Memory structure in Windows process (many APIs, and VC is the smartest)

Before reading this article, if you don't even know what the stack is, read the basics behind the article first.

People who have been exposed to programming know that high-level languages can access data in memory through variable names. So how are these variables stored in memory? How does the program use these variables? The following is an in-depth discussion of this. The C language code below, if not specifically stated, uses the release version compiled by VC by default.

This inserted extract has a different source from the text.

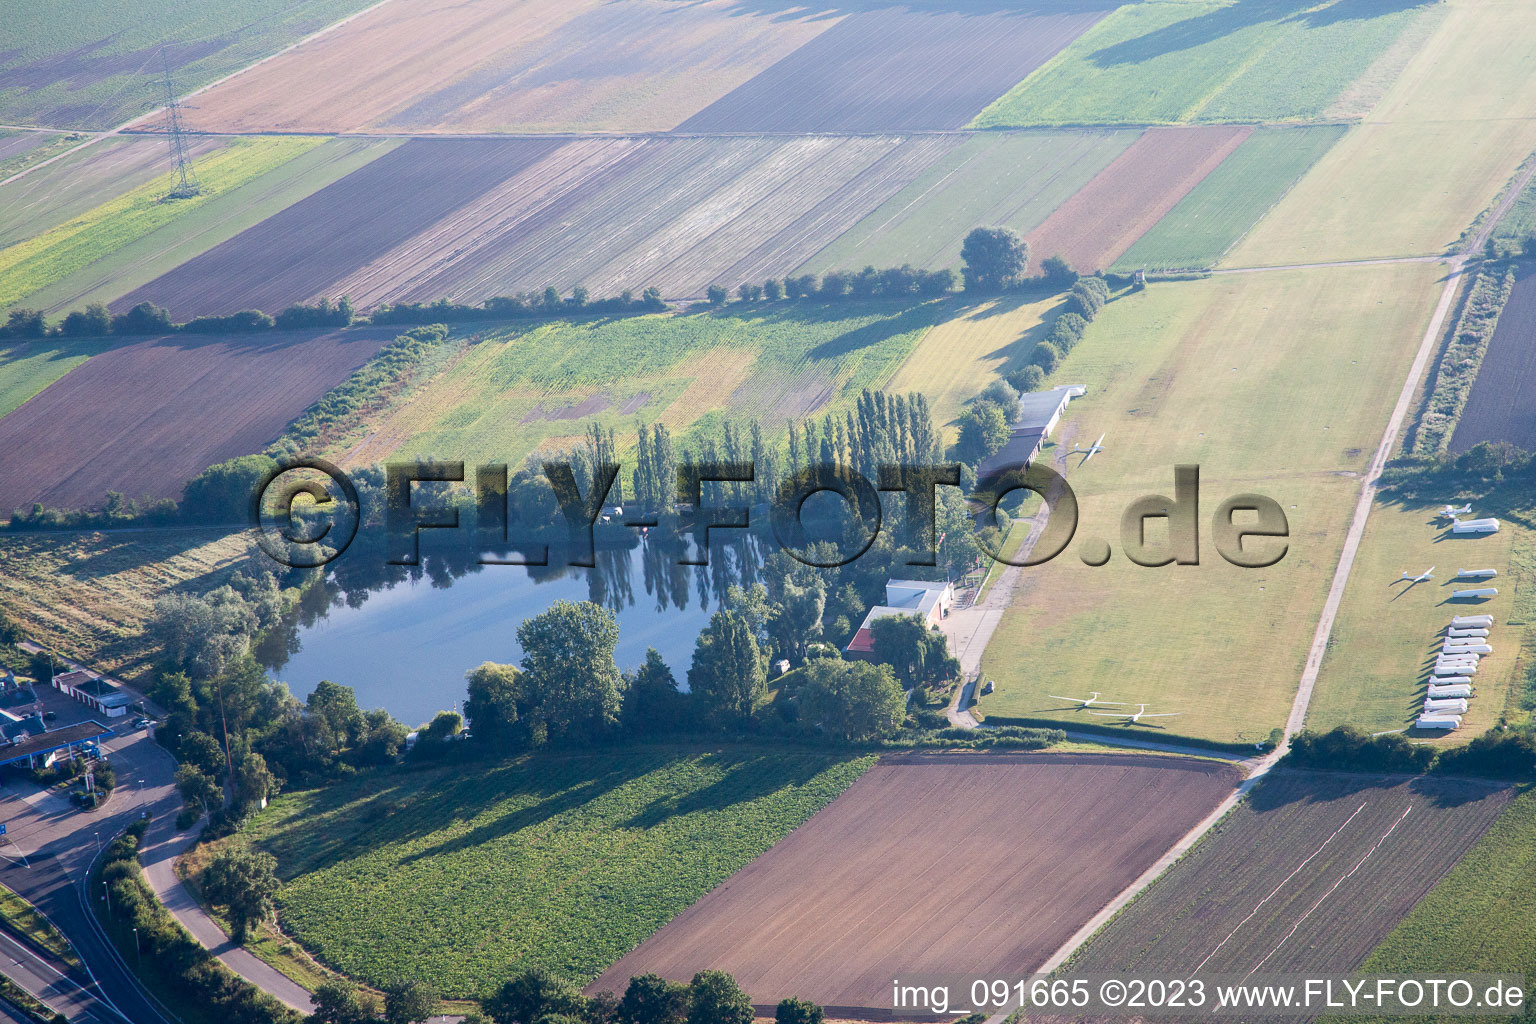 Glider airfield in the district Dannstadt in Dannstadt-Schauernheim in the state Rhineland-Palatinate, Germany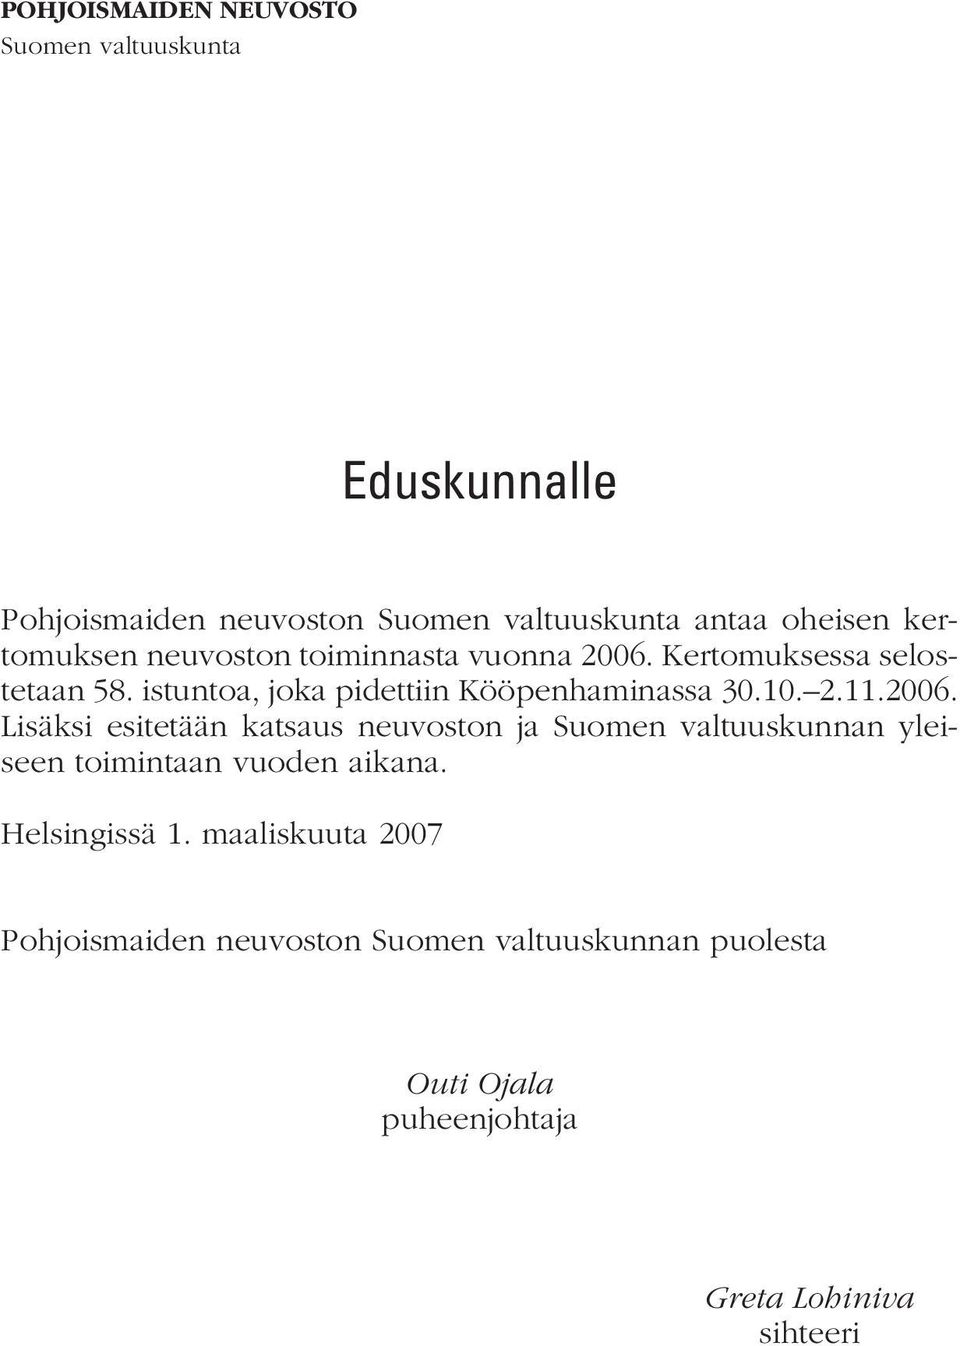 10. 2.11.2006. Lisäksi esitetään kat saus neu vos ton ja Suomen valtuuskunnan yleiseen toimintaan vuoden aikana.

First, let's look at how C-language variables are in memory division. The C language has global variables (globals), local variables (locals), static variables (static), and register variables (regeister). Each variable has a different allocation method. First look at the following code:

#include <stdio.h>

int g1=0, g2=0, g3=0;

int main ()
{
static int s1=0, s2=0, s3=0;
int v1=0, v2=0, v3=0;

Print out the memory address of each variable

printf ("0x%08x\n", &AMP;V1); Print memory addresses for each local variable
printf ("0x%08x\n", &v2);
printf ("0x%08x\n\n", &v3);
printf ("0x%08x\n", &AMP;G1); Print memory addresses for each global variable
printf ("0x%08x\n", &AMP;G2);
printf ("0x%08x\n\n", &g3);
printf ("0x%08x\n", &AMP;S1); Print memory addresses for each static variable
printf ("0x%08x\n", &AMP;S2);
printf ("0x%08x\n\n", &AMP;S3);
return 0;
}

The results of the compiled execution are:

0x0012ff78
0x0012ff7c
0x0012ff80

0x004068d0
0x004068d4
0x004068d8

0x004068dc
0x004068e0
0x004068e4

The result of the output is the memory address of the variable. Where V1,v2,v3 is a local variable, G1,G2,G3 is a global variable, and S1,S2,S3 is a static variable. You can see that these variables are continuously distributed in memory, but local and global variables are allocated 108,000 of memory addresses, while the memory allocated by global variables and static variables is contiguous. This is because local variables and global/static variables are the result of allocations in different types of memory regions. For the memory space of a process, it can be logically divided into 3 parts: code area, static data area and dynamic Data area. Dynamic Data areas are generally "stacks". Stack and heap are two different dynamic data areas, the stack is a linear structure, and the heap is a chain structure. Each thread of the process has a private "stack", so each thread, though the code, is not interfering with the data of the local variable. A stack can be described by "base address" and "stack Top" addresses. Global variables and static variables are allocated in the static data area, and local variables are allocated in the Dynamic Data area, which is the stack. The program accesses local variables through the base address and offset of the stack.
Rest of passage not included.